I have watched leadership teams pour months into a strategic offsite while the same people running the company never noticed the engineering team had gone three sprints in a row without a working CI pipeline. The offsite produced a beautiful PowerPoint. The engineers produced exhausted faces and a slow trickle of resignations.
What I Do Instead
I do not have this perfectly figured out. I have made the same mistake more times than I want to admit. But over the years, a few practices have stuck for me, and they all start with the same thing... showing up close to the work.
Walk the floor, even when the floor is virtual. I drop into Slack channels I have no business being in. I read the standup notes. I ask the dumb questions. Most of what I learn does not change my strategy. Some of it changes my whole week.
Run 1:1s like the most important meeting on the calendar. Because they are. I ask one question every time: "What is in your way this week?" The first three or four times someone answers, the answer is "nothing." The fifth time, you get the truth. Stay long enough to hear it.
Ask for ground truth before you ask for buy-in. Before I roll out anything new, I find three people who will be doing the work and ask them what would break. They tell me. I listen. The plan changes. Sometimes the plan dies. Both are wins.
Cut something every time you add something. Vision tends to add. Strategy tends to add. Frameworks add. Programs add. The team's hours do not expand to match. Every time I have asked a team to do a new thing, the question I now make myself ask is: "What are we taking off their plate to make room?"

The Test
There is a test I run on myself when I find myself drawn to a new direction. I ask: would the people doing the work hear about this and feel relief... or would they feel another thing landing on top of an already-full plate?
If the answer is the second one, the vision is not ready yet. The work to clear the plate has to come first.
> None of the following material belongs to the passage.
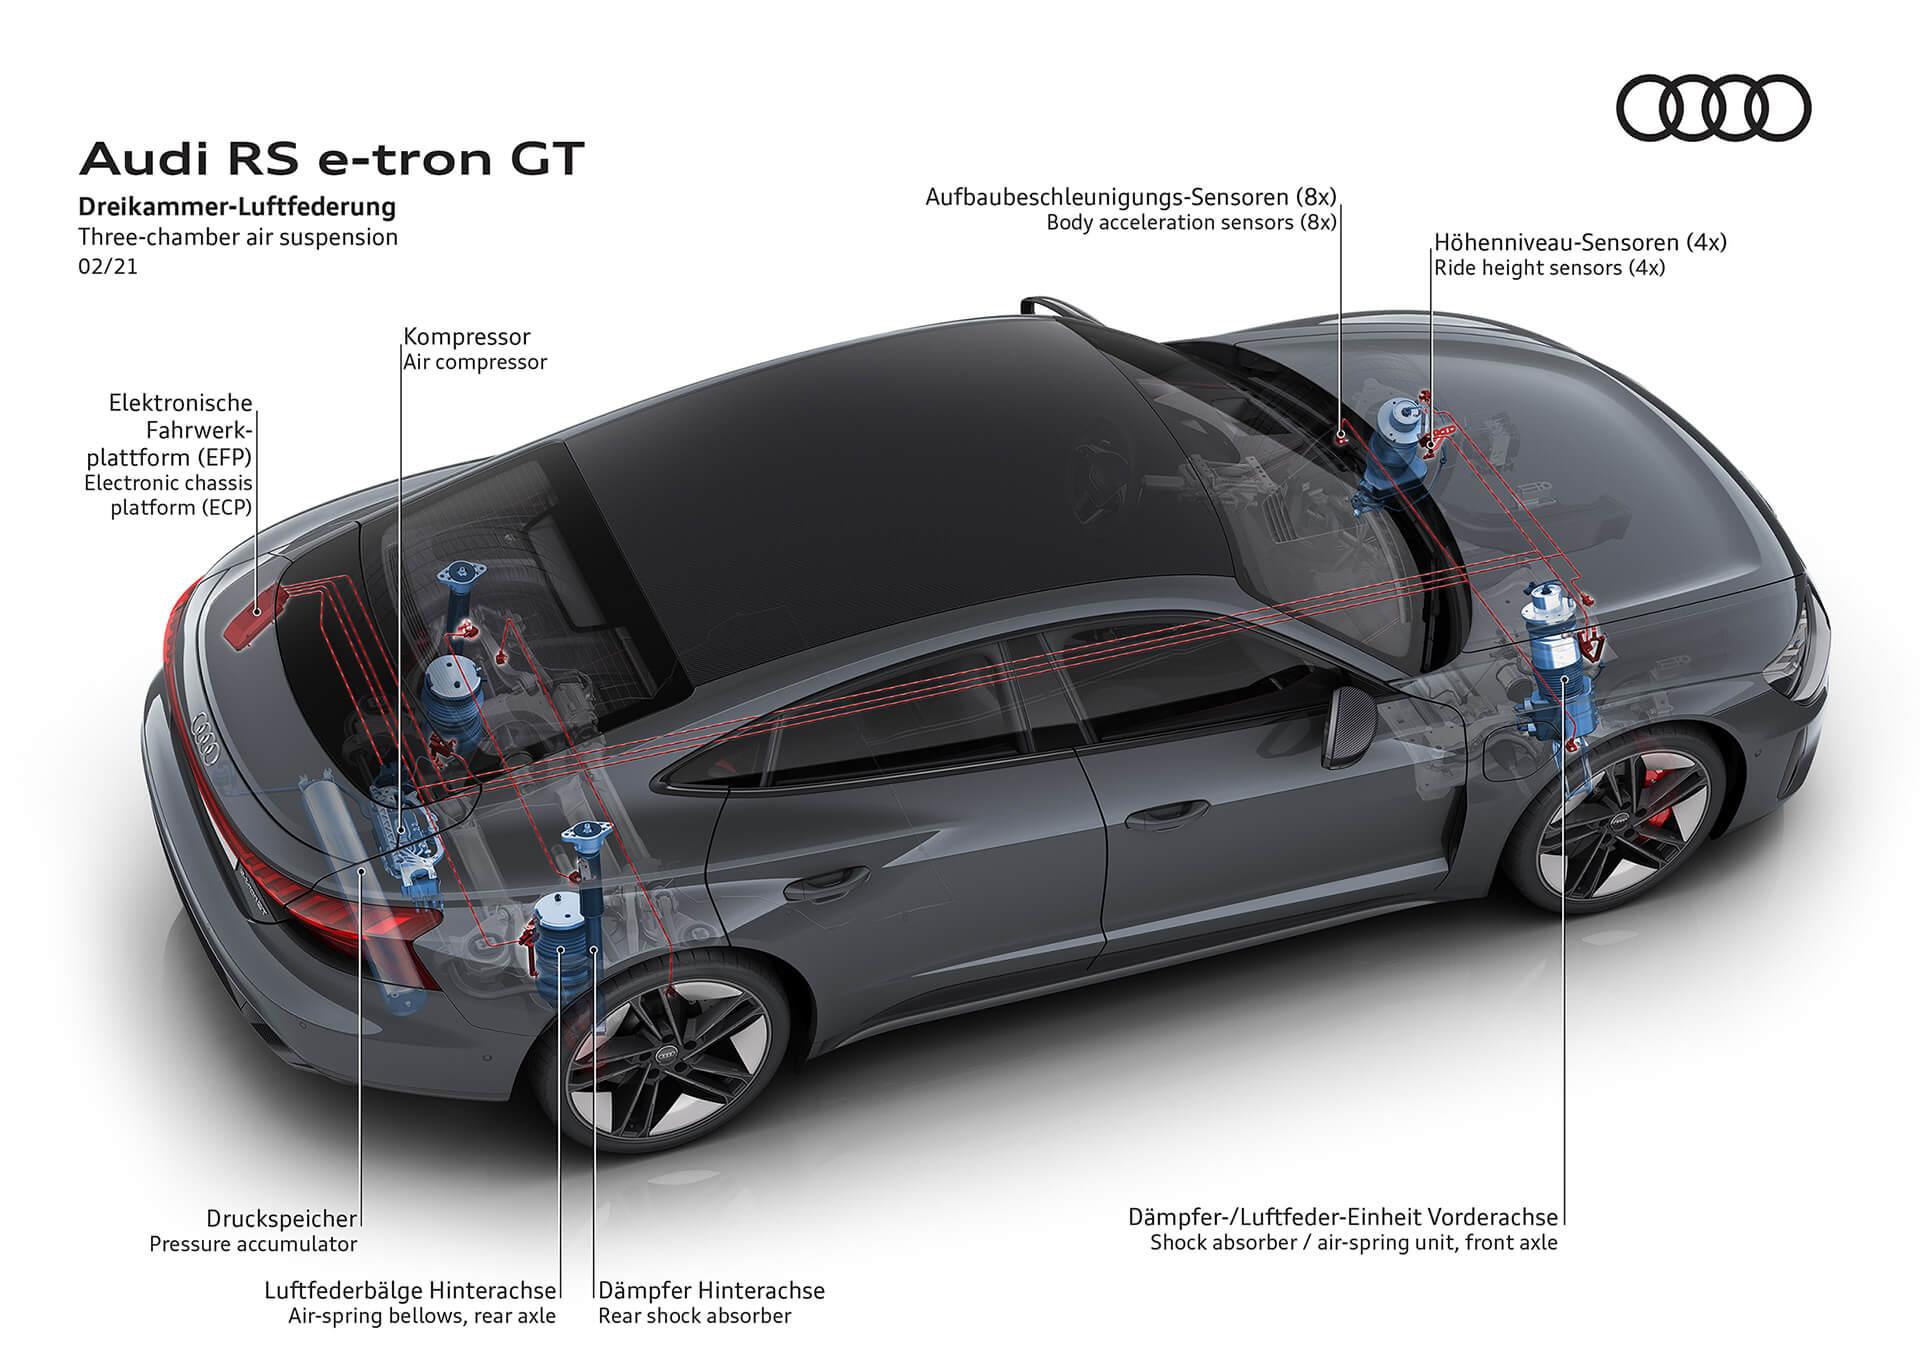 Audi RS e-tron GT - Ανάρτηση

I have been on the receiving end of leaders who got this right. They were rare. They were the ones I would have run through walls for. They started every conversation by asking what was hard. They earned the right to talk about the future by first showing up for the present.
I have also been on the receiving end of leaders who got this wrong. They were everywhere. They sold the vision so hard the daylight went out of the room. The good people left. The rest stayed and quietly disengaged. Eighty percent.
You don't have to choose between vision and survival. You have to put them in order.
What I'd Like You to Do This Week
Pick one person on your team. Not the squeaky wheel. Not the rising star. Pick someone in the middle, someone who shows up, gets their work done, and never asks for anything.
Ask them: "What is your week like right now? What is in the way?"
Then shut up and listen. Take a note. Do one thing about it before Friday.
You will learn more about your organization in fifteen minutes than your last leadership offsite taught you in two days. And the person you asked will remember it for a long time... longer than they will remember the vision deck.
Survive Monday first. The future will still be there on Tuesday.